Capturing protocol-neutral links (e.g. "//site.com")?

crizzo · May 16, 2025, 9:03am

Hi all, firstly I love everything webrecorder is doing

I’ve been crawling a site which includes links which look like href=“//domain/”, i.e. the protocol (http: or https:) is omitted, allowing the browser to select whichever protocol is in use on that page already. I believe this is compliant with modern web standards although not the norm.

browsertrix-crawler rejects these URLs (see below for my theory as to why) but I think it should crawl them.

I wanted to ask: is there some commandline option or behaviour or other way to get around this e.g. to force a base protocol or enable resolving of // protocols (other than manually seeding the problem URLs)?

Or should I report this as a bug/feature request?

My thoughts on the cause of this: browsertrix-crawler parses each URL with the new URL() constructor and checks that it has a http or https protocol before crawling, which makes complete sense. However, for “//domain” URLs, the new URL() constructor requires a base URL passing as a second argument - otherwise it returns a TypeError. This results in the crawler not seeing a http(s) protocol, and thus rejecting the URL.

My thoughts on a possible solution to this: in browsertrix-crawler/src/util /seeds.ts, in the function parseUrl, we have parsedUrl = new URL(url.trim()); but I wonder if this could include as a second parameter the URL of the current page? (e.g. when scopedSeed is initialised in src/crawler.ts , maybe page.url() could be passed to it too or something?)

My system: I’m using Browsertrix-Crawler 1.6.1 (with warcio.js 2.4.4) via docker image in Ubuntu 24.04.2 LTS via WSL on Win11.

ilya · May 16, 2025, 8:24pm

The crawler should already be getting the fully resolved URL, so if its <a href=“//domain/”> it should be passed to crawler as either http://domain/ or https://domain/.

If its a seed, then of course crawler doesn’t know which scheme to use, so seed URLs should be absolute URLs.

Perhaps URL is being rejected for other reasons, or do you have an example where this is happening?

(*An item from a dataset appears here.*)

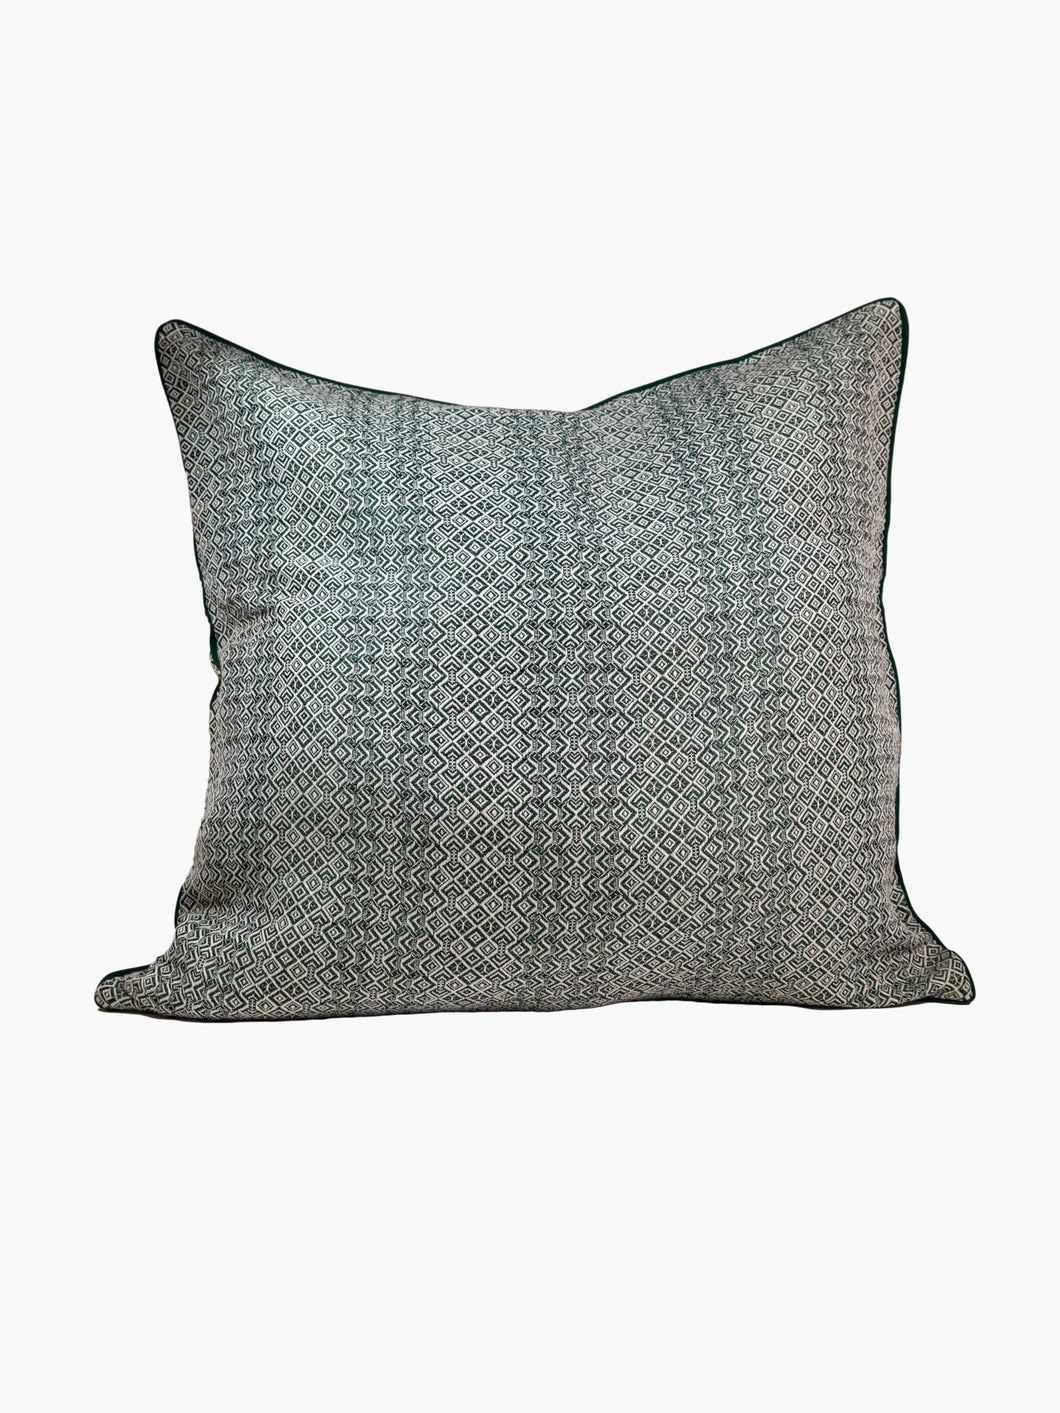 Square Intreccio Cushion Cover in Cipresso Green
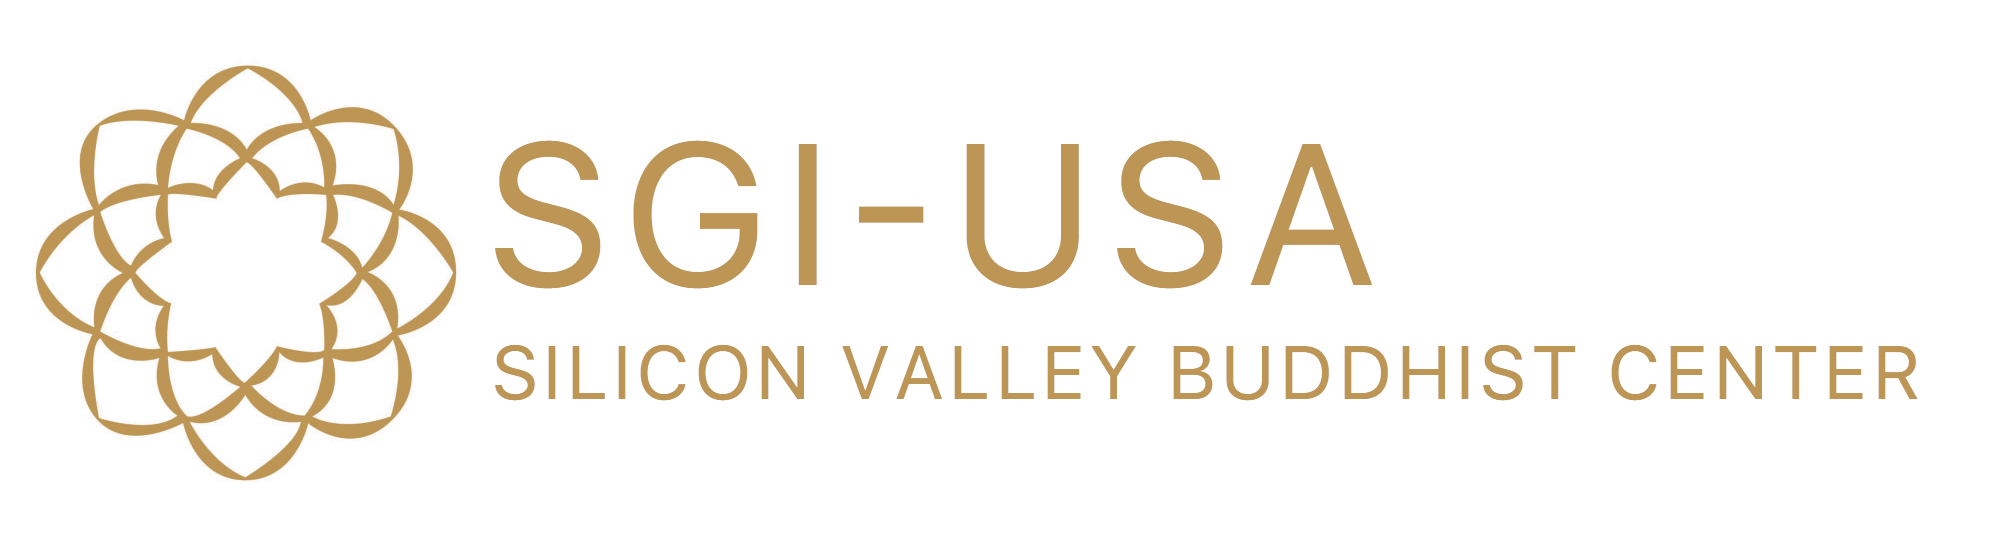 SGI-USA Silicon Valley Buddhist Center

crizzo · May 19, 2025, 8:28am

Thanks Ilya, appreciate your help. I’ve just noticed that the first URL it did not capture actually redirects outside of the prefix scope, so I am thinking that might be the cause… I’ll investigate and will let you know the outcome, but it feels like I was wrong about it being protocol-related

crizzo · May 20, 2025, 3:04pm

Yeah on closer inspection it looks like I was wrong, and was overlooking the fact these // links were redirecting off-domain. Sorry for the false alarm!